I'd also recommend any of Nielsen's Symphonies, the 2nd and 3rd may be the easiest way in but the 5th and 6th are the jewels for me. 
Nielsen also penned a fantastic Clarinet Concerto.


----------



## starthrower (Dec 11, 2010)

Saariaho-du cristal, Circle Map
Nielsen-symphonies 3-6
Norgard-Terrains Vague, concerto in due tempi, string quartets 7-10


----------



## Sloe (May 9, 2014)

There are so many great Nordic composers but to just say a name Hilding Rosenberg and for works his third, fourth and fifth symphonies.


----------



## tdc (Jan 17, 2011)

You might enjoy the symphonic works of Ludolph Nielsen and Wilhelm Stenhammar, the latter also composed some string quartets I found impressive.

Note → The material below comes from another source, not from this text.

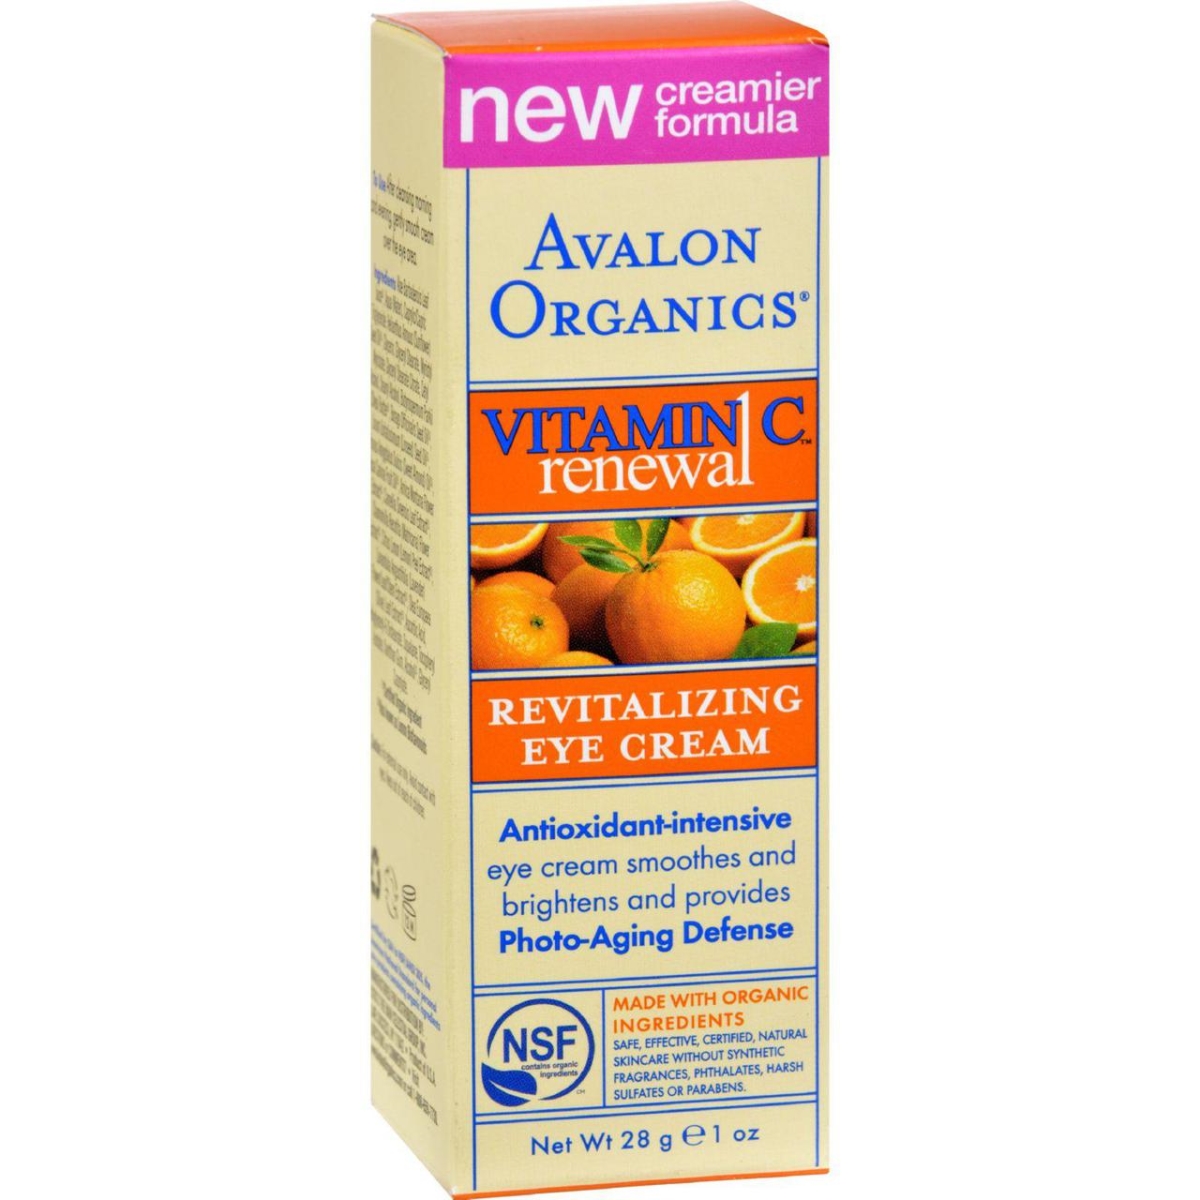 Hg0901520 1 Fl Oz Organics Revitalizing Eye Cream Vitamin C

Ludolph Nielsen - Symphony No. 3





Stenhammar - Symphony No. 2


----------



## tortkis (Jul 13, 2013)

Rued Langgaard (1893-1952, Denmark) was a late-Romantic composer. I think some of his compositions are quite unique. I recently listened to the complete string quartets recorded by Nightingale String Quartet. Very nice romantic works. The 2nd movement of the 2nd quartet mimics the sound of locomotive, which is really interesting.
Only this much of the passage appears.